Tuesday, June 21, 2011

I Am Not My Hair

For those of you who were around January 2010, I came back from a trip to Miami with a whole lot on my mind...and just as much on my head.

I was tired. Of conforming. Of attempting to grow this long mane of straight hair that my then-husband had convinced me would make me beautiful. Of not feeling quite right in myself.

So I went to Queen, my brand new hair-dresser, and told her I wanted to chop the shit off.

We started slow, as anytime she brought scissors near my head I began to hyperventilate. What the sweet fuck was I doing? Amber-Rose I was not. We threw some color in, styled it up, but still, as I walked out of the salon I was very aware of a lightness in my head that had nothing to do with my feeling that I was going to pass out.

Washing my hair in the shower was an interesting surprise... Short hair washes quick - dries quicker. But I couldn't figure out what the heck I wanted to do with it...and I had the sinking suspicion that, with the loss of my hair, I had turned into a boy.

Being honest here - laugh if you've been there.

I joined a group of women who had dedicated themselves to living with their natural hair, fro'd, free, and fabulous. I wanted to be one of them. I imagined myself with a curly mane that waved in the wind, sending out Foxy Cleopatra vibes. Every month my hair grew more...but not nearly as much as I expected. Feeling down, I scheduled an out-of-salon sit-down with Queen.

It went something like this:

Me: My hair isn't growing!!! I look like a boy! (Sobs uncontrollably into her wine)
Queen: Girl please. Just let that shit grow. Stop putting shit in it and let it breathe. (She nods her own freedom fro to the music, taunting me with it's fierceness)
Me: (a bit hypnotized by the hair bobbing on her head) Erm...yeah...no more shit...free...Can I touch your hair?
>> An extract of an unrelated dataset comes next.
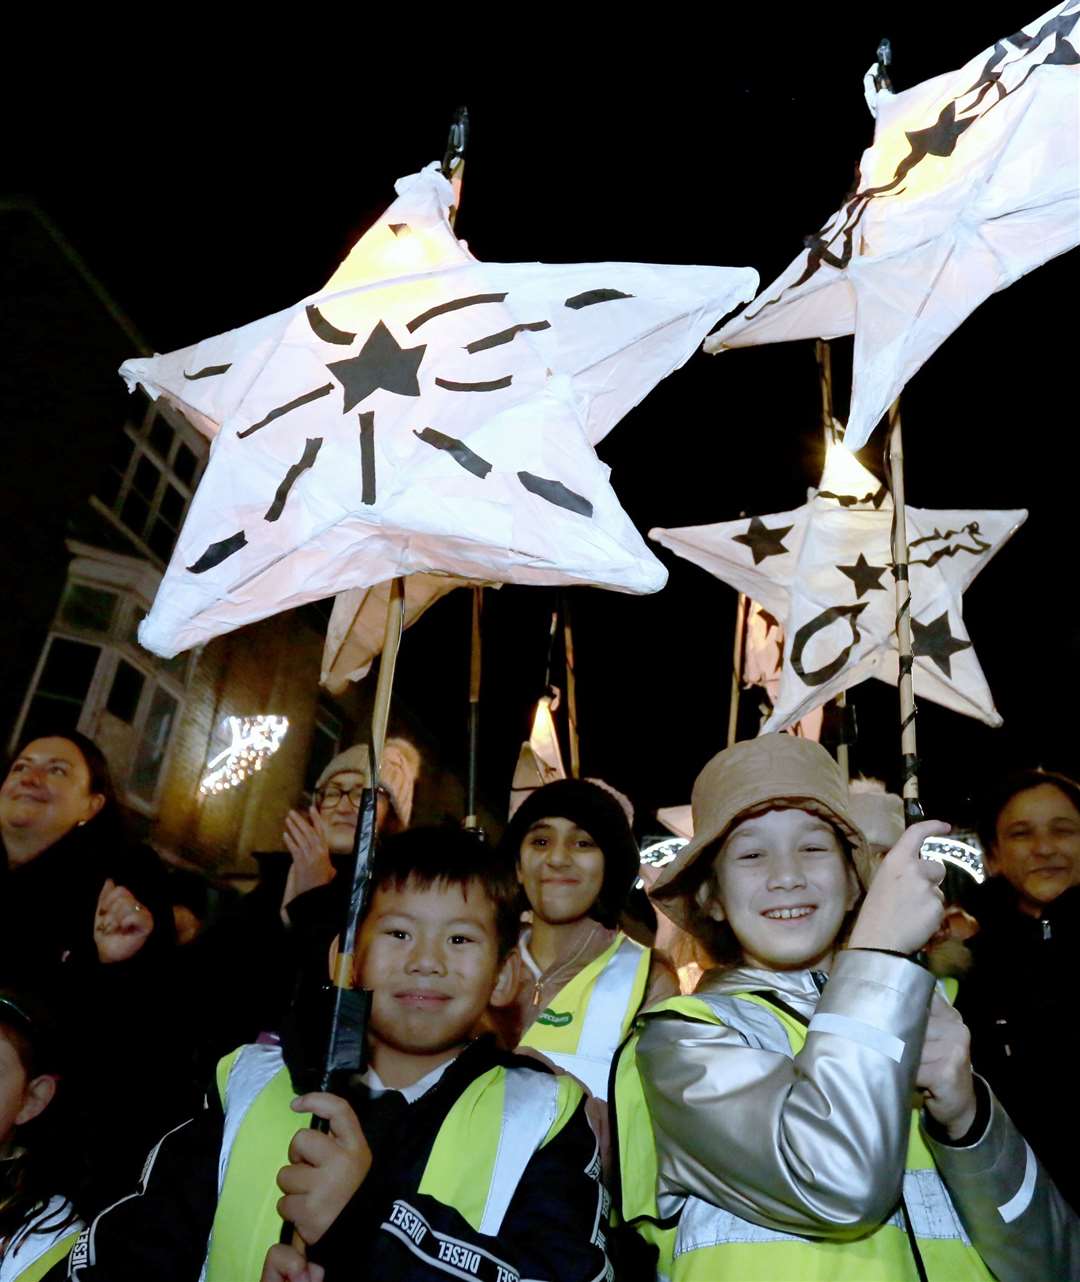 School children will lead the lantern parade

That sold me. I had decided to grow my hair straight out of my head, however God intended for it to be, because I knew that, thru my dedication, I would be rewarded with the 'fro of my dreams.

We did different things to get me to leave my hair alone - as I was a bit addicted to pulling it back into a frumpy, unattractive ponytail. Braids, regular styling visits...and settled on "the weave".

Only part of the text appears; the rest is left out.